• _STORED DATA_:
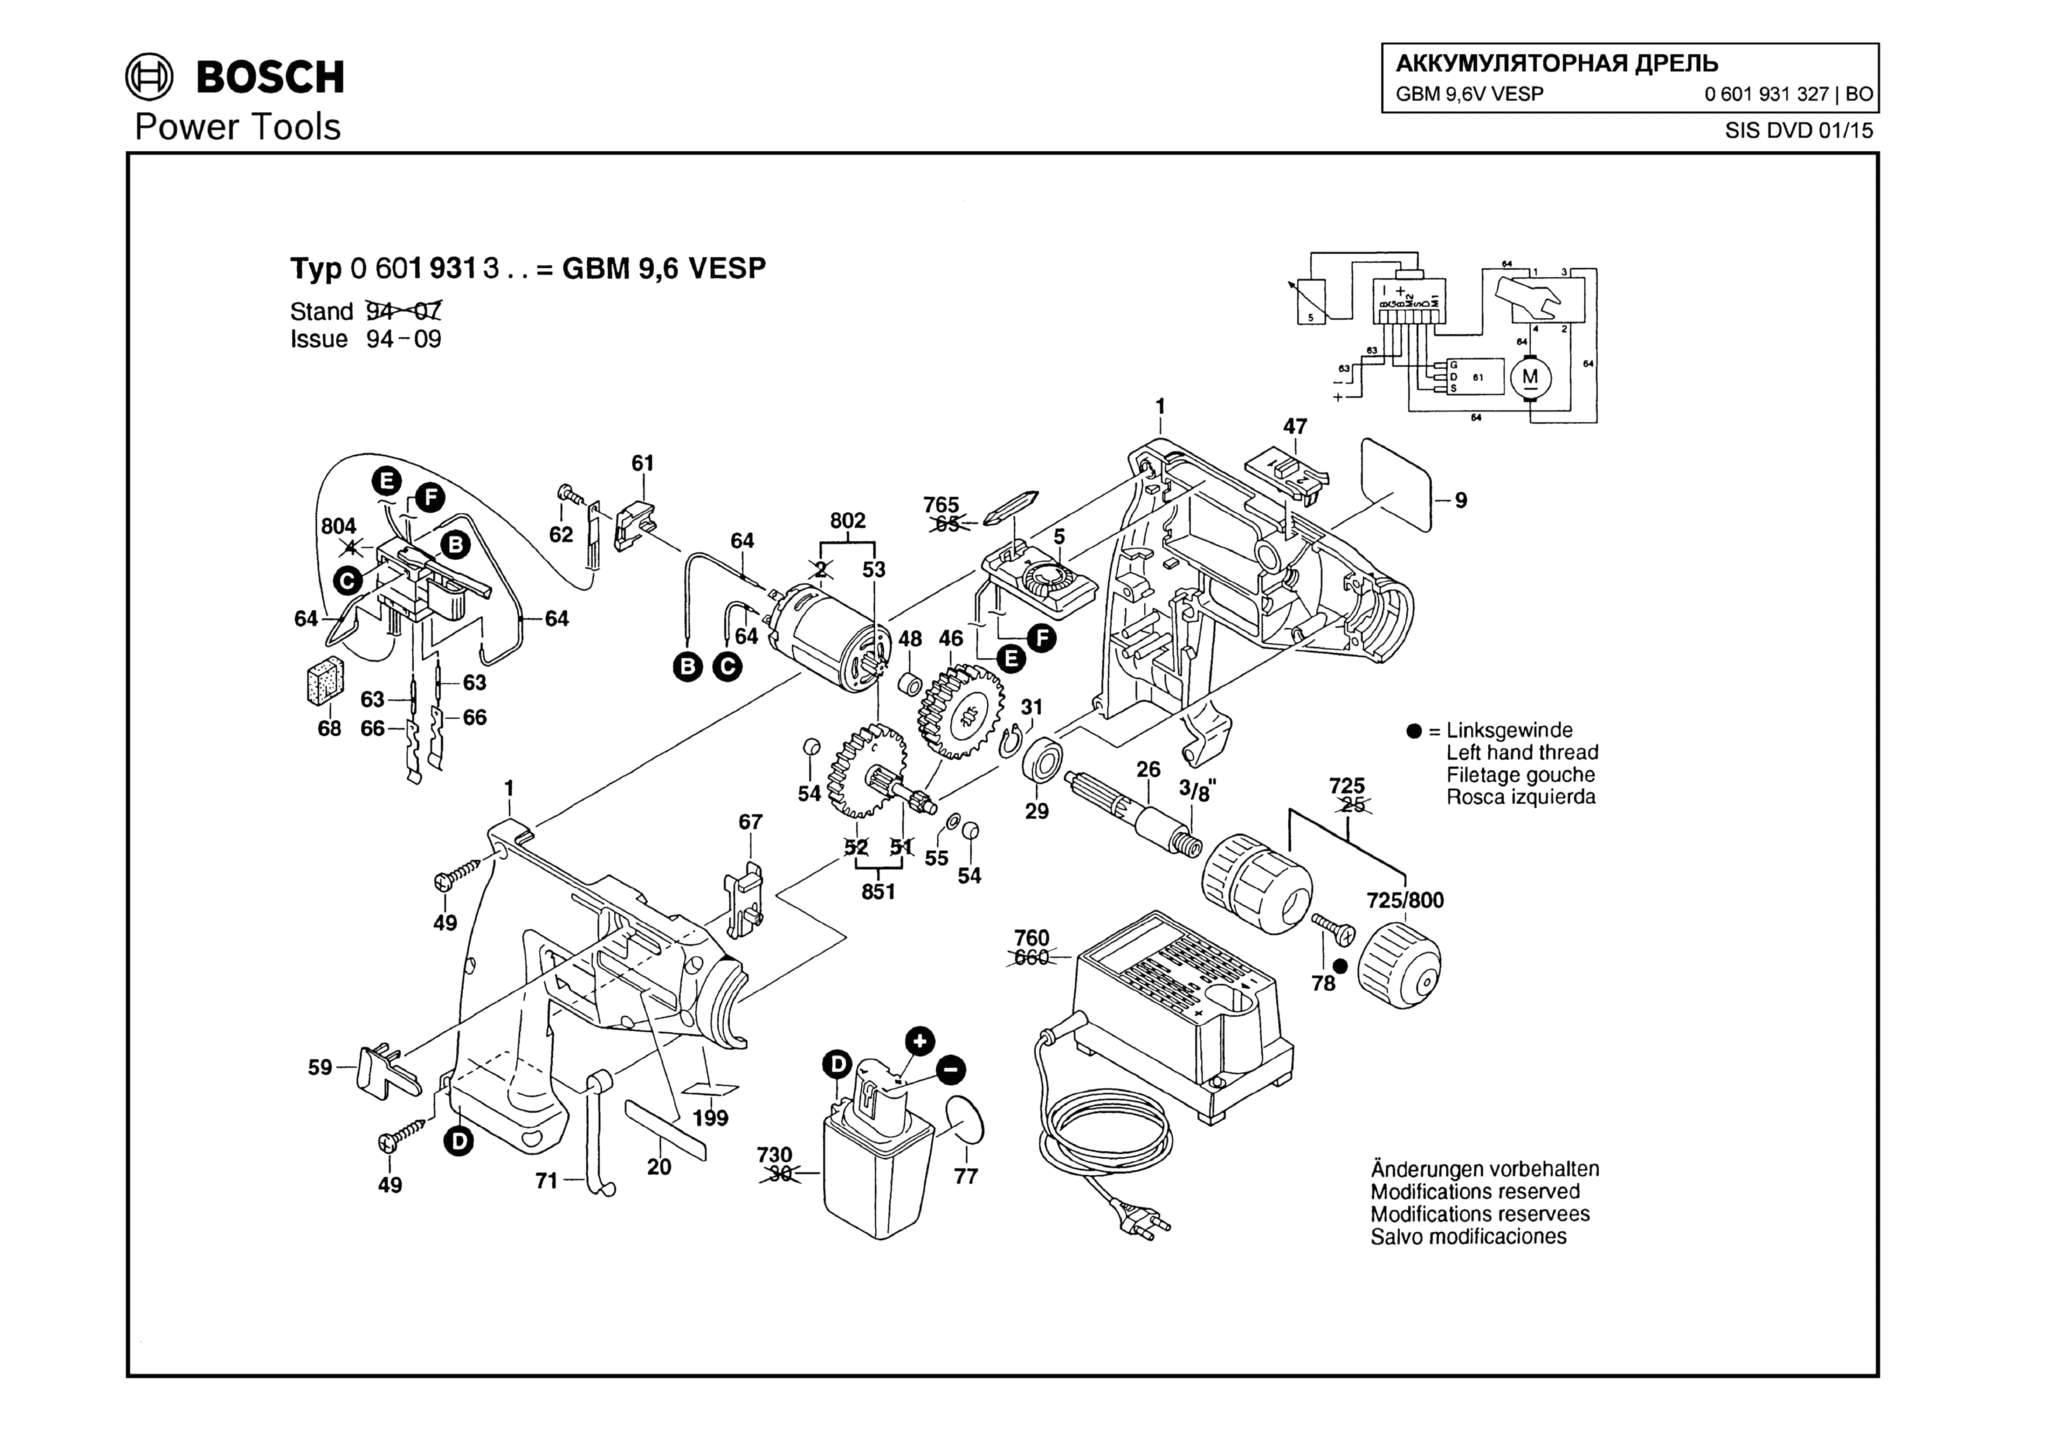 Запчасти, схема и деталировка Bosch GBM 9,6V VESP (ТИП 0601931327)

* * *

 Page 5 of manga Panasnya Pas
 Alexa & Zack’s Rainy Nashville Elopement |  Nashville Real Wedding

• _WHAT THE TASK REQUIRES_:
Print again the lines of the entries above that fall between the line holding "Page 5 of manga Panasnya Pas" and the line holding "Alexa & Zack’s", inclusive, exactly as they stand.

• _WRITTEN RESPONSE_:
 Page 5 of manga Panasnya Pas
 Alexa & Zack’s Rainy Nashville Elopement |  Nashville Real Wedding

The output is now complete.